Блестящей иллюстрацией к этим отрывкам из репинских писем 1875 г. могут служить те этюды к «Кафе», которые писались одновременно с ним или несколько ранее. На выставке Репина и Шишкина, бывшей в 1891 г. в Академии художеств, их было 12. Большинство их ушло за границу вместе с картиной, и только пять этюдов удалось обнаружить за время революции в пределах Советского Союза[262]. Если бы все эти 12 этюдов были собраны воедино, их, вероятно, не трудно было бы разложить в порядке хронологической последовательности написания, на протяжении почти целого года. Анализ рисунка, живописи и фактуры дал бы, конечно, еще более полную иллюстрацию к вопросу об истоках репинского искусства эпохи «Парижского кафе».

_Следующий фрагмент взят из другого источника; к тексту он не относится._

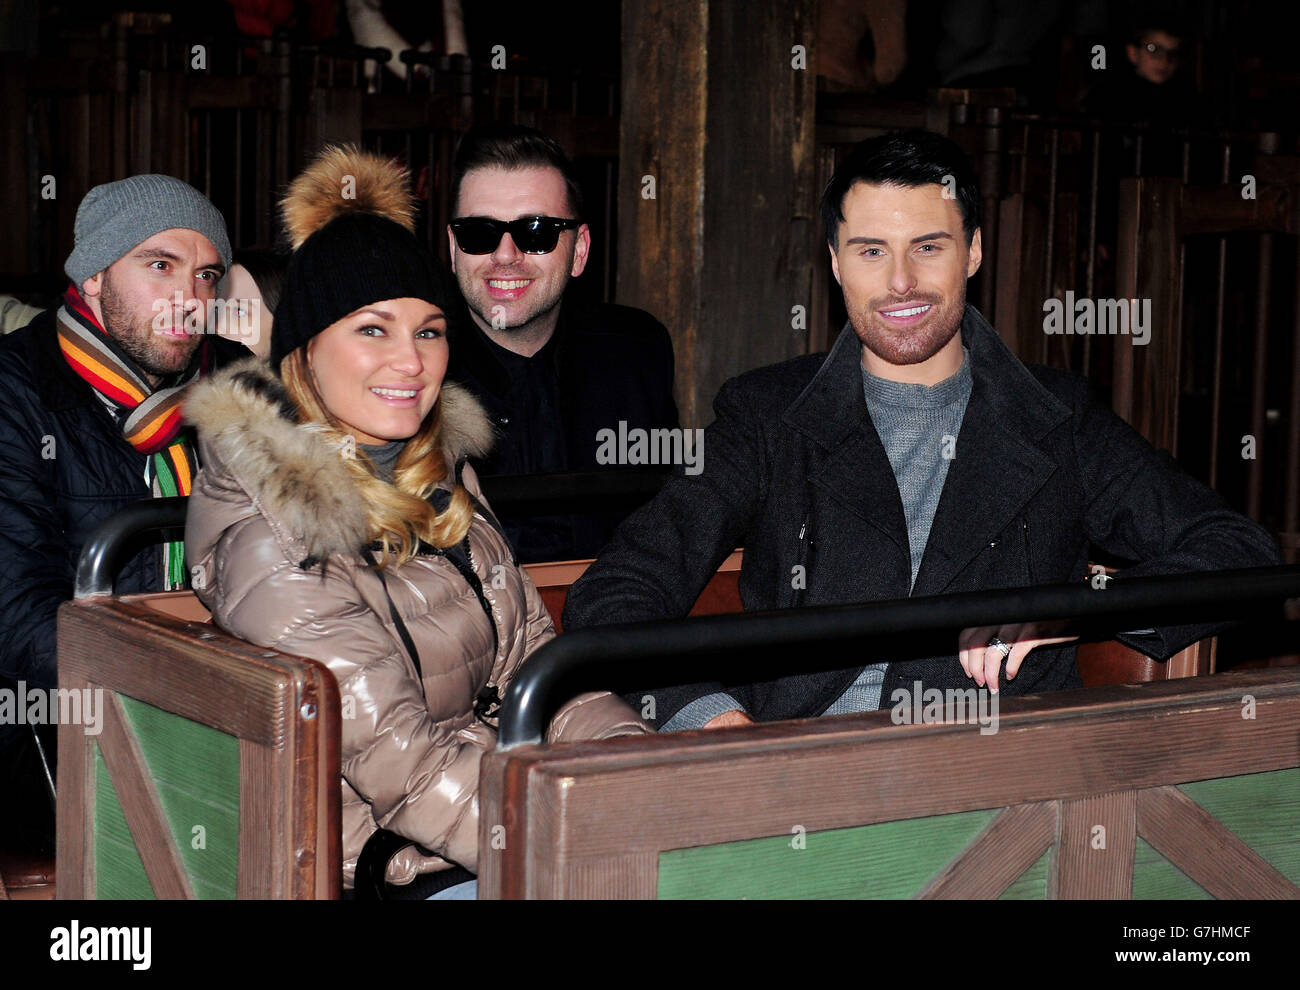 Sam Faiers, Mark Feehily (second right) and Rylan Clarke (right), riding Thunder Mountain, during the charity trip to Disneyland Paris for under privileged children. PRESS ASSOCIATION Photo. Picture date: Tuesday December 16, 2014. Photo credit should read: Nick Ansell/PA Wire Stock Photo
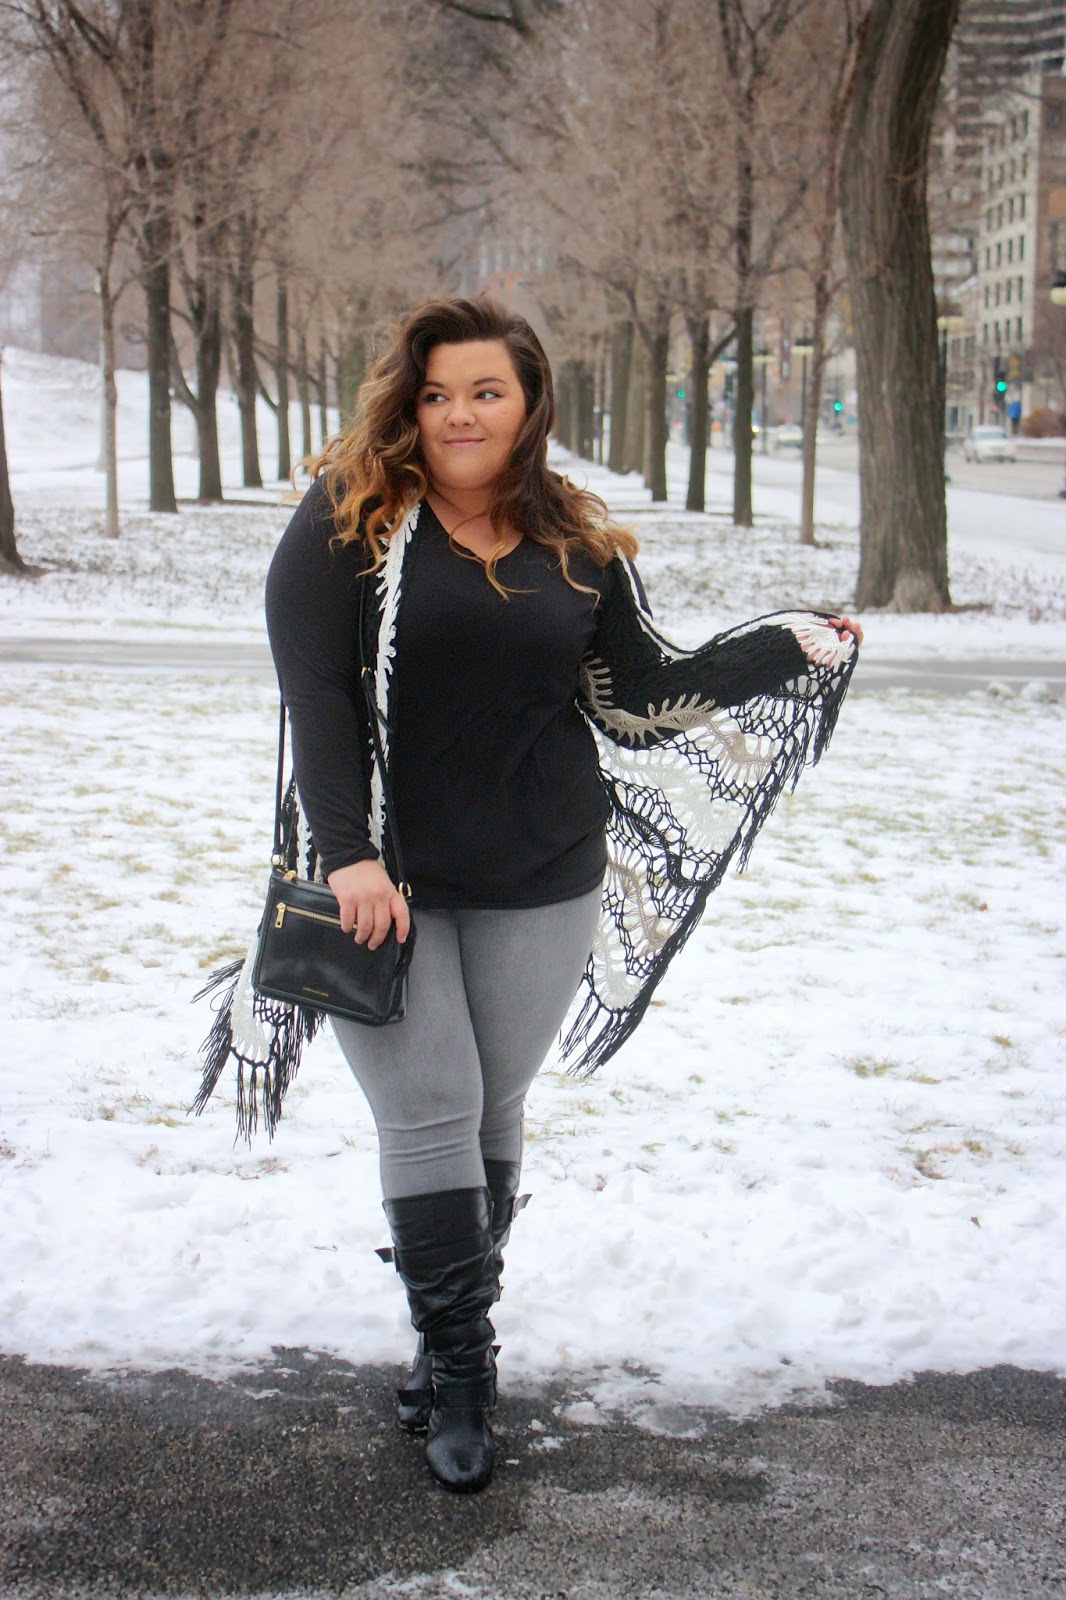 Natalie Craig, Natalie in The City, chicago, ootd, plus size fashion, fashion blogger, crochet vest, winter fashion 2015, mom fashion, curvy women, fatshion, gray jeans, curly ombre hair, thick girls, grant park, ralph lauren, lauren, wide calf boots, how to dress up a long sleeve shirt

Но и существующих у нас пяти этюдов, бывших на репинских юбилейных выставках в Третьяковской галерее — в 1924 г. и Русском музее — в 1925 г., достаточно, чтобы прийти к безошибочному выводу: Репин был в то время, несомненно, во власти художественных течений Парижа. На любой выставке, не подписанные и не снабженные этикетками, они были бы приняты за произведения исключительно одаренного французского художника, современника ранних импрессионистов. Из этих этюдов особенно замечателен висящий ныне в Русском музее и изображающий даму, стоящую около стула. В картину она не попала или, вернее, поверх нее написаны другие фигуры.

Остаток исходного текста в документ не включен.